**Requirement**
Your task is to reproduce exactly the lines from the one containing "North Carolina Throw" through the last line below, both ends included, and nothing else, with no pictures.

**Provided data**
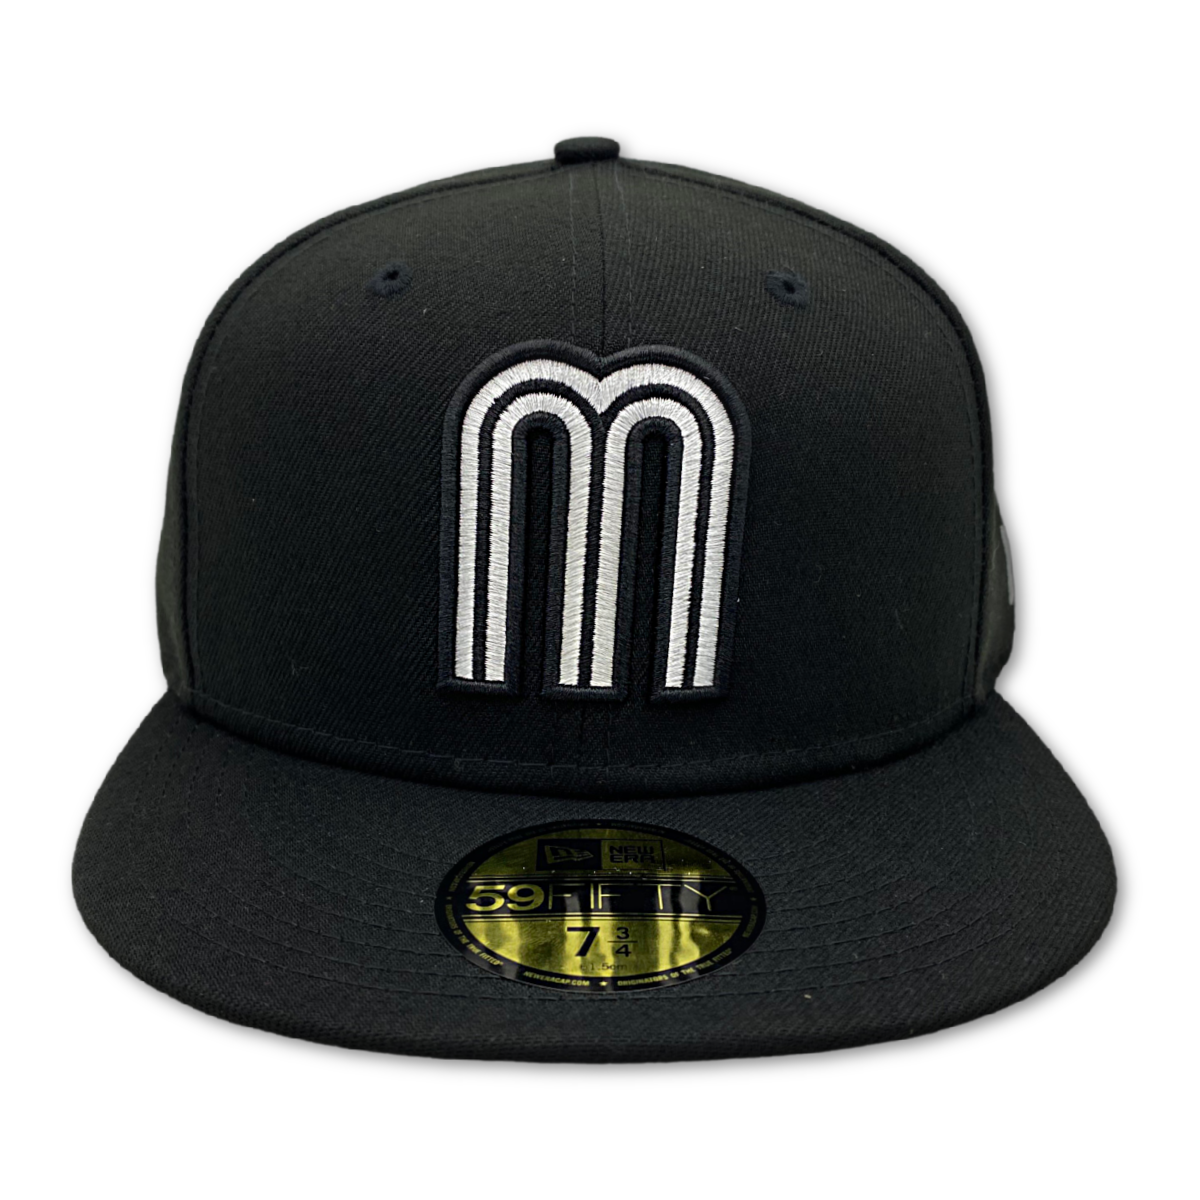 NEW ERA OFFICIAL MEXICO 59FIFTY FITTED HAT-BLACK nvsoccer.com The Coliseum
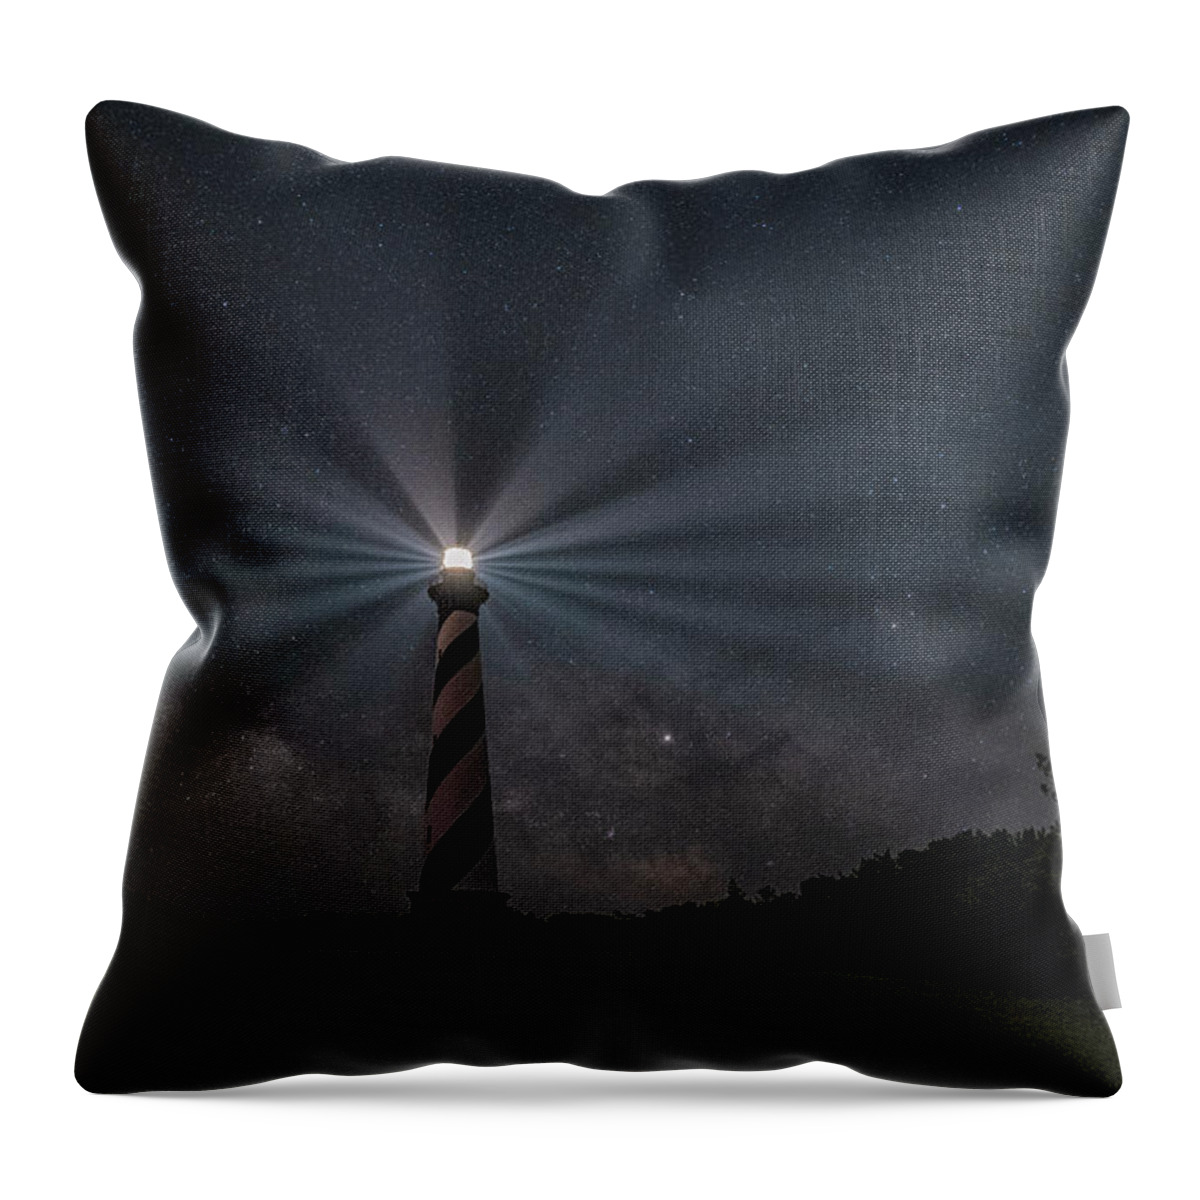 North Carolina Throw Pillow featuring the photograph See The Light #5 by Robert Fawcett
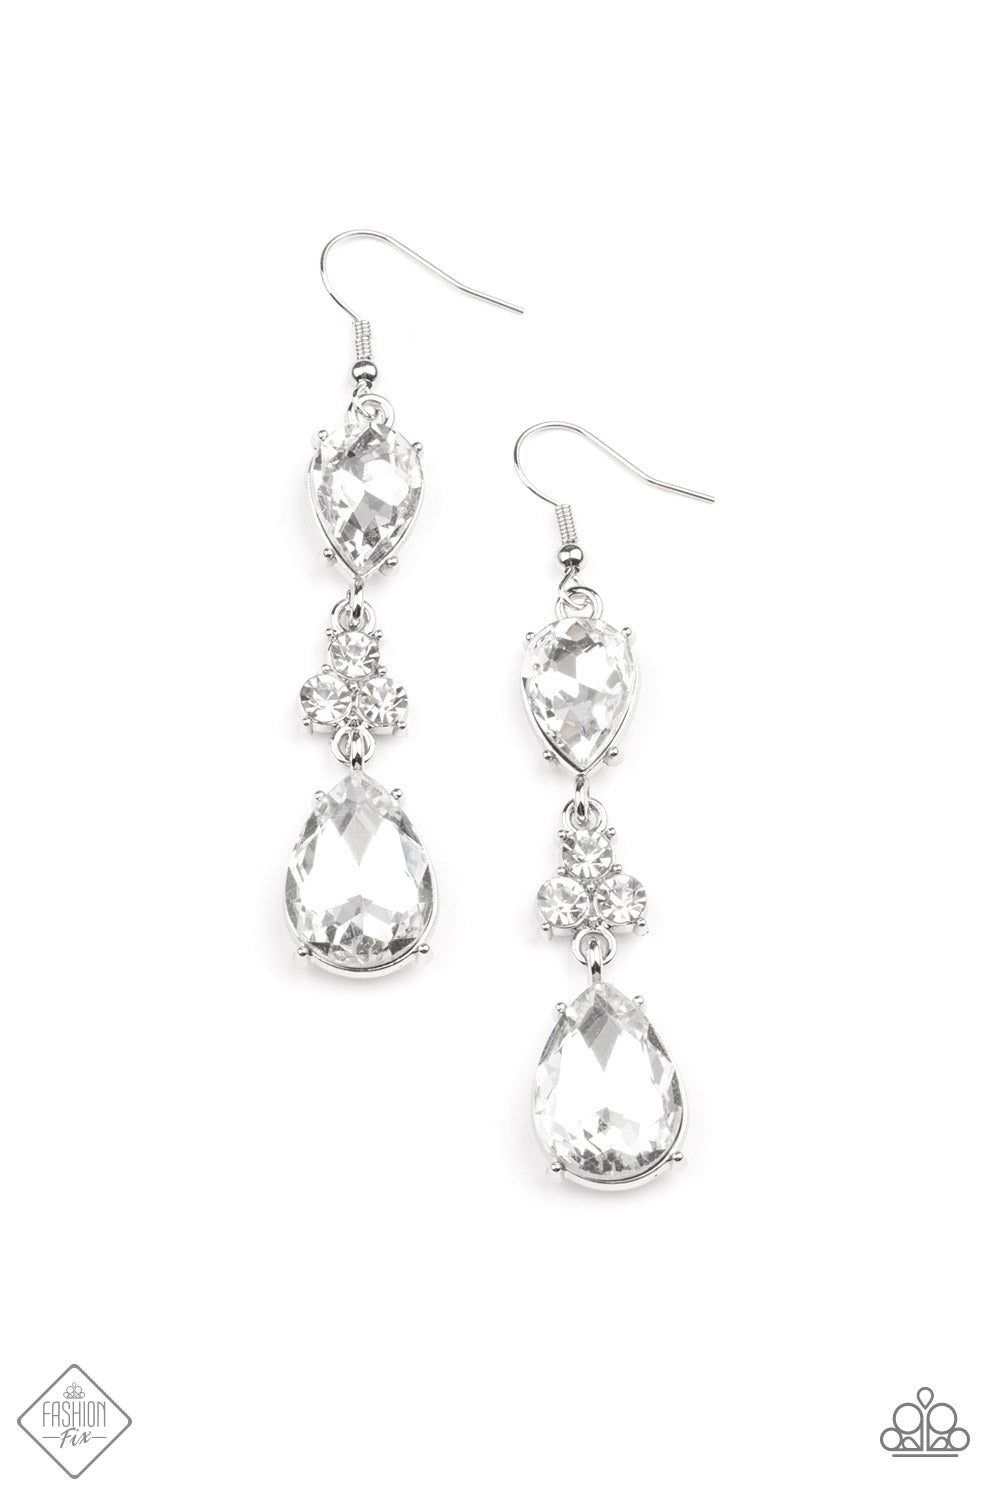 Paparazzi Once Upon a Twinkle White Earring-Fashion Fix-May 2021

**Task result**
 North Carolina Throw Pillow featuring the photograph See The Light #5 by Robert Fawcett
 Paparazzi Once Upon a Twinkle White Earring-Fashion Fix-May 2021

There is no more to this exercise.